Atmospheric
Optics
Infralateral & Circumhorizon Arcs
Pictured by Alfred Lee between Kunming and Hong Kong, China.
It's hard to tell whether a single bright spectral arc some two 22° halo radii below a high sun is a circumhorizon (CHA) or an infralateral arc. Here both arcs are bright and clear. They overlap directly beneath the sun and then the infralateral curves upwards and away from the CHA.
The eye is better at identification than a camera. The CHA is everywhere at the same altitude above the horizon. The infralateral curves upwards. Camera lens distortions and pointing directions conspire to alter the arcs' shapes in images examined after the event. See how the circumhorizon arc appears to curve upwards in this image. First use the eye - then the lens!

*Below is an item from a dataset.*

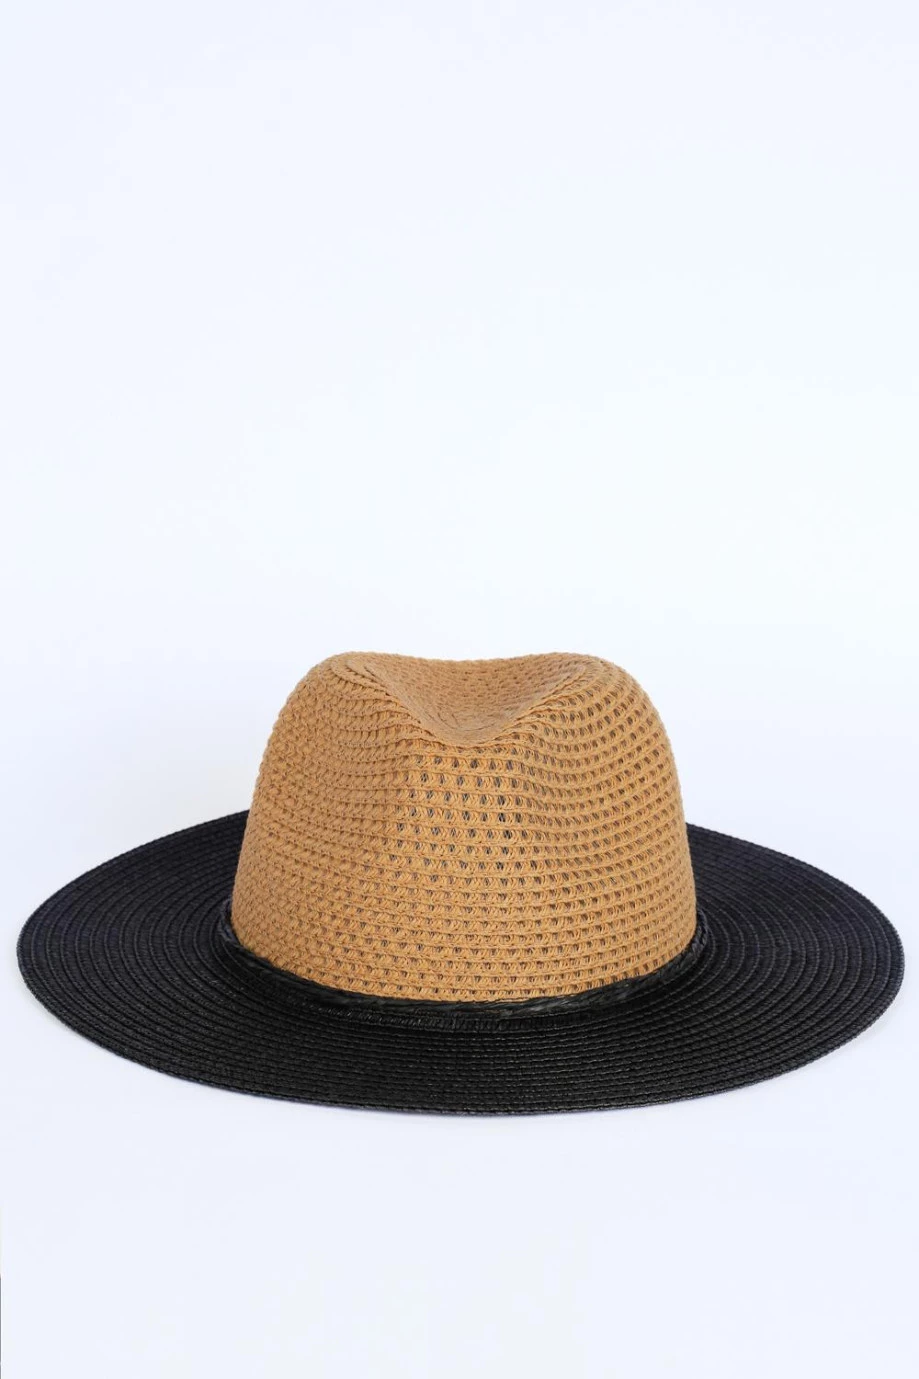 Sombrero kaky claro con ala ancha plana negra en contraste
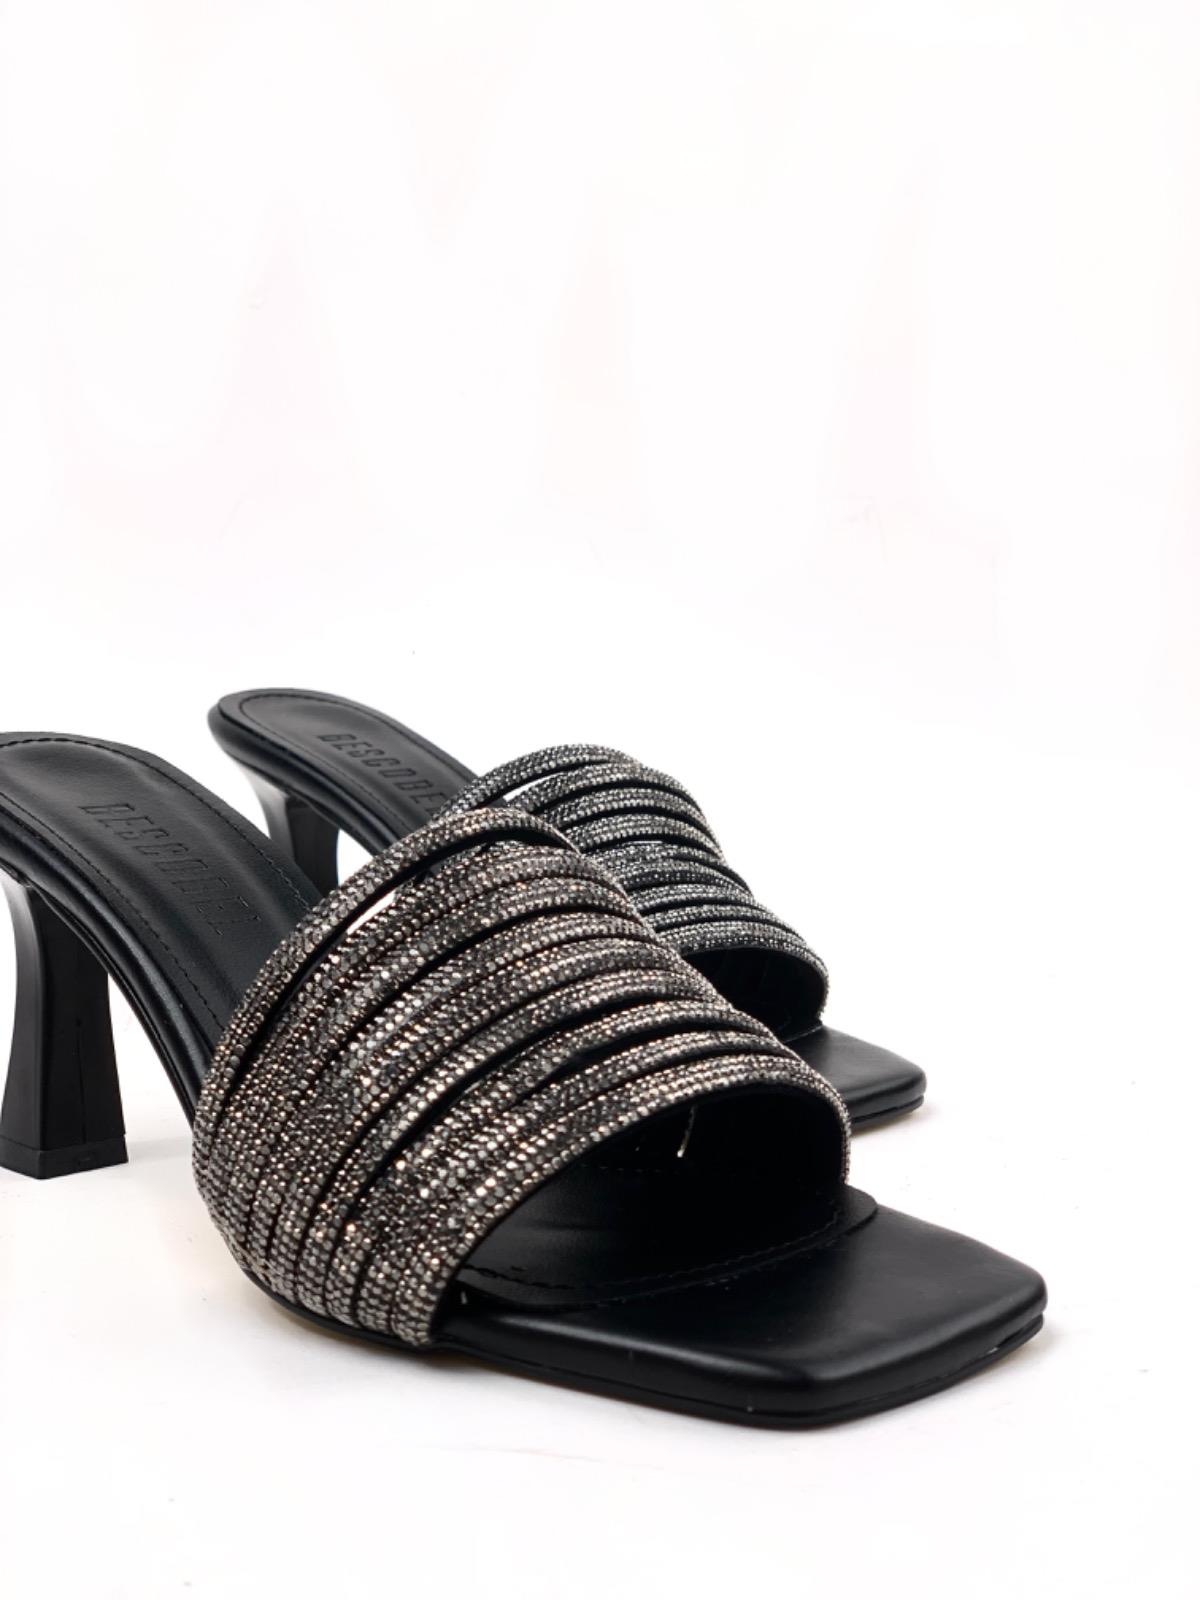 Women's Black Yeft Multi-Stone Evening Dress Slippers

Vertical bands of colour on the clouds? Not so.
All images ©Alfred Lee, shown with permission
The inner halo can be a 22° halo from randomly oriented prisms or a circumscribed halo from column crystals. Both halos may be there.
When the sun is high the circumscribed halo is almost circular and hard to distinguish by shape alone from the 22°. But it is sharper and has more saturated colours.
Look carefully at appearance of the inner halo and whether two are present.
Horizontal plates generate the CHA. Rays enter a near vertical prism side face and leave through the lower large hexagonal face.
Both arcs are generated by refraction at perpendicular ice crystal facets.
Infralateral rays enter a near vertical end face of a column crystal and leave through a prism side face.